If I know that I am going to be copied but the original will be destroyed in the process, should this concern me? It seems like, per #1, it should not. But, somehow, I don’t think that I’d be very eager to go through with a destructive copy process.
How can it be that the identity of a person and his/her future copy is the same (which seems plausible), but two past copies have distinct identities? It seems like personal identity should be transitive.
So it seems to me that future copies are paradoxical. And of course future copies will matter if/when uploading becomes possible, so we will eventually need to resolve (or accept) the paradoxes.
I agree that only future copies are paradoxical. And most paradoxes are about are decisions. So we could try to solve them as decision theory problems.
If identity is something real, it should have properties, like transitivness, and copy paradoxes should have definite solutions.
But is identity is only illusion or social agreement we could redefine it according our needs.
One of the possible approaches to identity problem is to ask why identity exist at all? What are its roots?

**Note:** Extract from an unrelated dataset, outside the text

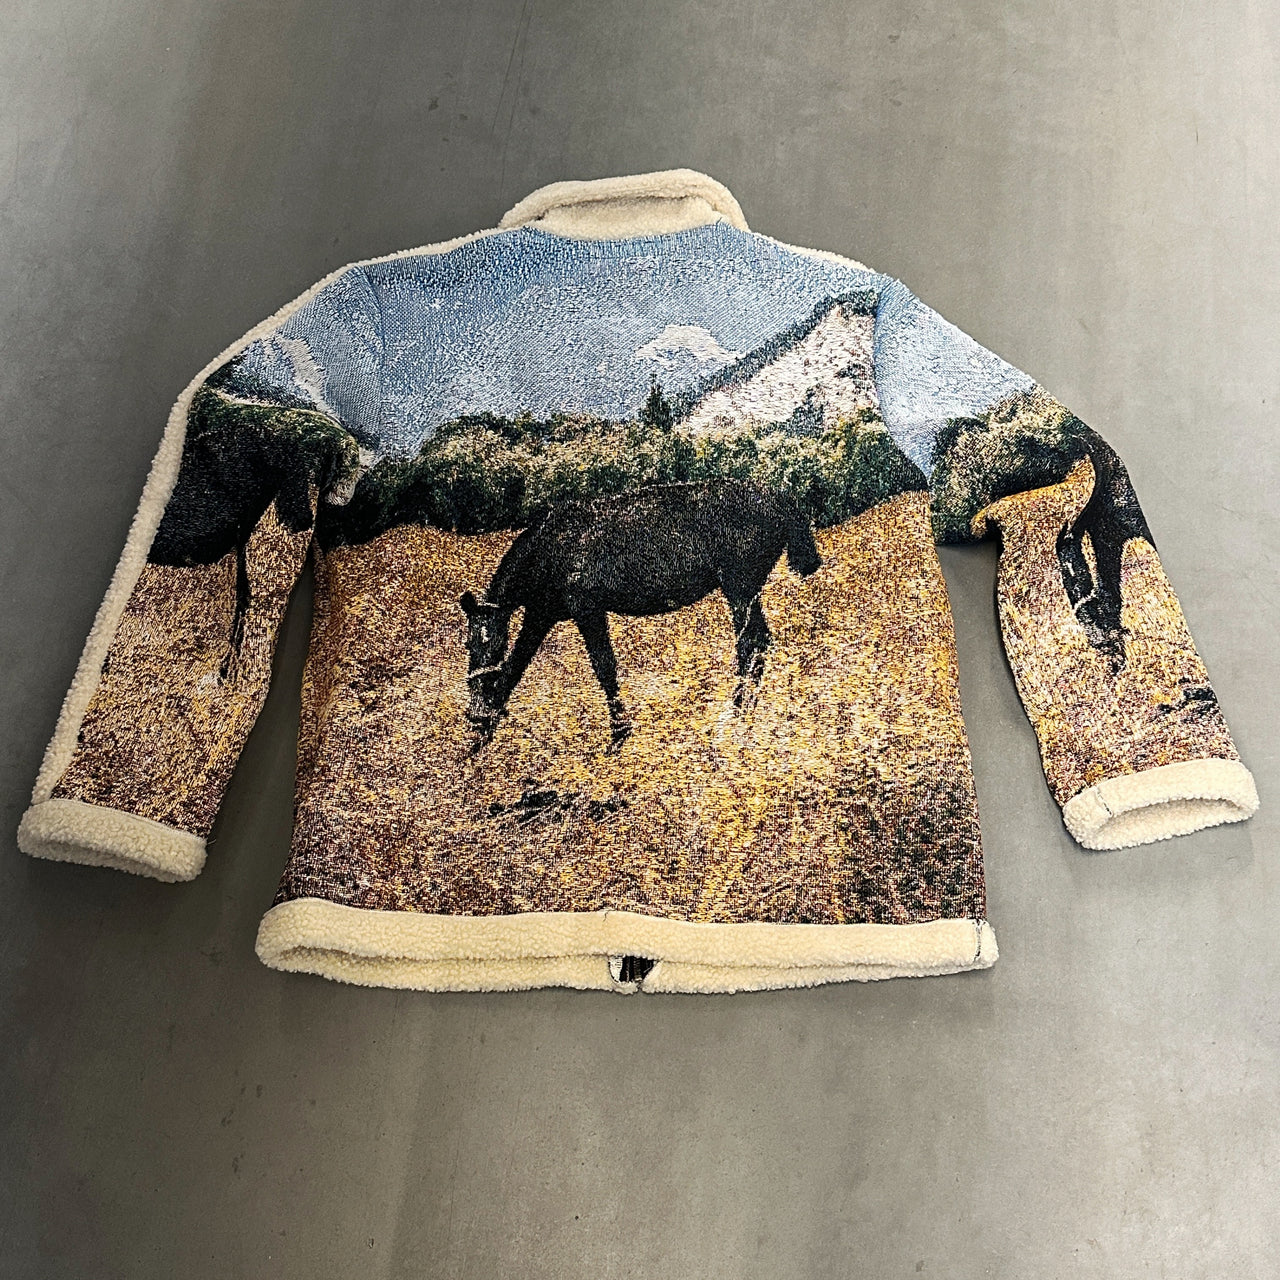 "IN THE MOUNTAINS" - SHERPA JACKET

One of its roots is in evolutionary psychology. In early human societies each person should be able to know what will be consequences of his actions (pain, paternity, meal) and who knows what in his tribe. It required very strong feeling of personal identity and ability to distinguish it. It gave rise to names and ability to distinguish individuality of other tribe members as well as idea that they are the same tribe members everyday. (Some people change their identity during initiation rituals by the way). But for different living beings identity could evolve differently—for viruses it include all viruses with the same code for example.
It resulted that our culture and our brain have very strong built-in instruments to distinguish identity—of me and my family members. Unfortunately, than we come to the age of uploading, these old built-in structures start to protest our new ways of breeding and survival. And here appear most paradoxes.
But this doesn’t solve identity problem, as evolution may be able to harness some kind of natural process, which provide physical basis for identity, like qualia, causality, continuity, you name it. It had harnessed many other physical effects before for its goals, like light, sound, chemistry etc.
(Another solution to identity origins is that God created souls as basis of identity and controls their identity every moment, but we could not take such idea seriously in rationalist forum).